Frühjahrskonzert 04.April

Das Frühjahrskonzert im Evangelischen Gemeindehaus in Süßen wurde eröffnet durch den Jugendchor „oHaaa!“, unter Leitung von Sandra Müller. Mit homogenem Chorklang intonierten die Nachwuchssängerinnen ihren Eröffnungstitel „Zarter Mohn“ von H.-J. Bareiss, der sich in einem neueren Klanggewand zeigte, genauso filigran und klangschön wie gern gesungene Songs, z.B. „Streets of London“. Vom humorvollen Schlusstitel „The Flintstones“ war das Publikum begeistert und applaudierte ausgiebig für diesen gelungenen Konzertauftakt.





 

Das Collegium Cantabile unter Leitung von Günther Lehmann entführte die Zuhörer auf einen zauberhaften und abwechslungsreichen Frühlingsspaziergang. Einfallsreich durch den Dirigenten miteinander verbunden interpretierte der Chor Werke aus fünf Jahrhunderten, die u.a. vom Liebeswerben in „Matona mia cara“ von O. di Lasso, von der Liebe in „Des Abends“ von J. Brahms, oder auch von Traurigkeit in „Madenballade“ von N. Kjellström berichten. Humorvoll ging es in modernen Sätzen von „Es klappert die Mühle am rauschenden Bach“ und „Bumerang“ zu.

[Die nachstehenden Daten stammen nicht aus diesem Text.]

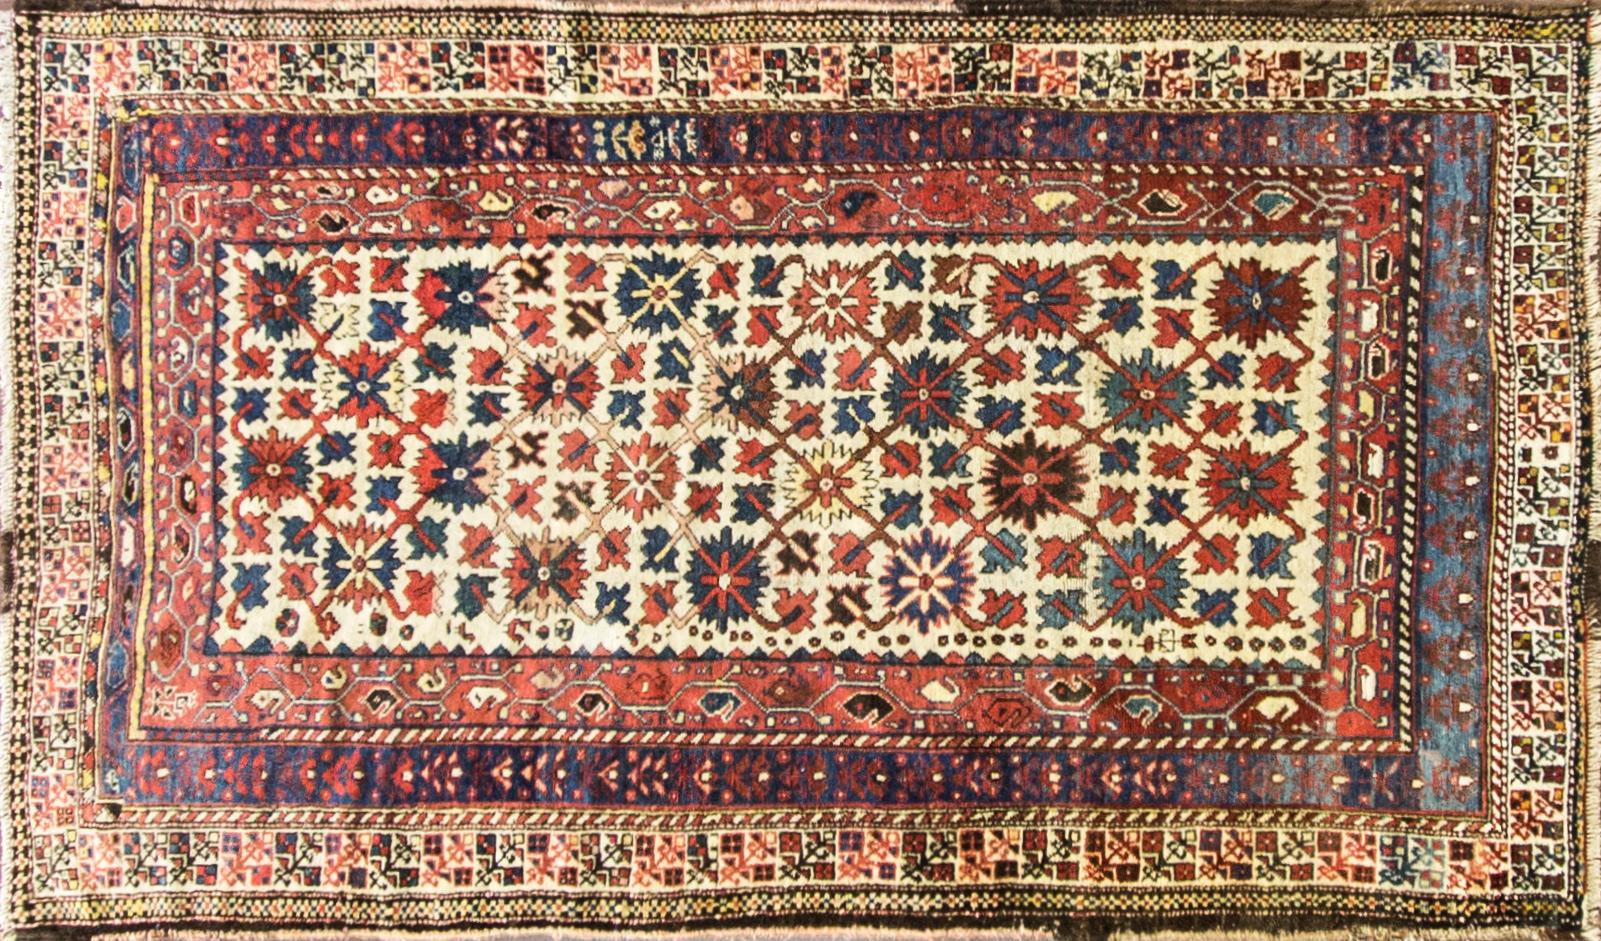 Fine antique Persian Bakhtiari rug, circa 1890 in good condition. Measures: 4' x 7'3

Dabei gelang es den Sängerinnen und Sängern überzeugend, zwischen feinfühlig verweilenden oder volksliedhaft beschwingten, schlicht harmonischen oder ausgewogen komplizierten Klängen zu wandeln. Der helle, stilsicher nuancierte Chorklang verzauberte die Zuhörer.



 

Der zweite Teil des Abends wurde vom Gemischten Chor unter der Leitung von Birgit Hammerath gestaltet. Er begann mit „Süßes Lieb“, einem Madrial von John Dowland aus dem 16. Jahr-hundert mit schönem Wechselgesang zwischen den Männer- und Frauenstimmen. Anschließend erklangen schwungvoll das Volkslied „Hab mein Wage vollgelade“ und Friedrich Silchers „Mädele ruck ruck ruck“. Die nun folgenden Titel begleitete Eberhard Staudenmayer am Flügel, und der Chor übermittelte die frühlingshafte Stimmung des „Finkenwalzers“ sehr überzeugend. Das „Große Berliner Potpourri“ von Walter Kollo machte den Sängerinnen und Sängern sichtlich Spaß und kam beim Publikum sehr gut an. Die altbekannten Schlager wie „Die Männer sind alle Verbrecher“ oder „Was eine Frau im Frühling träumt“ hätte man gern noch länger gehört. Else Mühleiß, die den Abend charmant moderierte, versprach zum Schluss noch eine Überraschung. Diese entpuppte sich als humorvoller Sprechgesang „Die Rehlein beten zur Nacht“ nach dem Gedicht von Christian Morgenstern.
Zuhörer, die bis zu diesem Abend noch nicht in Frühlingsstimmung waren, kamen spätestens nach dem Konzert frohgelaunt und beschwingt nach abschließendem gemeinsamen Gesang des Liedes „Guten Abend, gut Nacht“ aus dem Saal.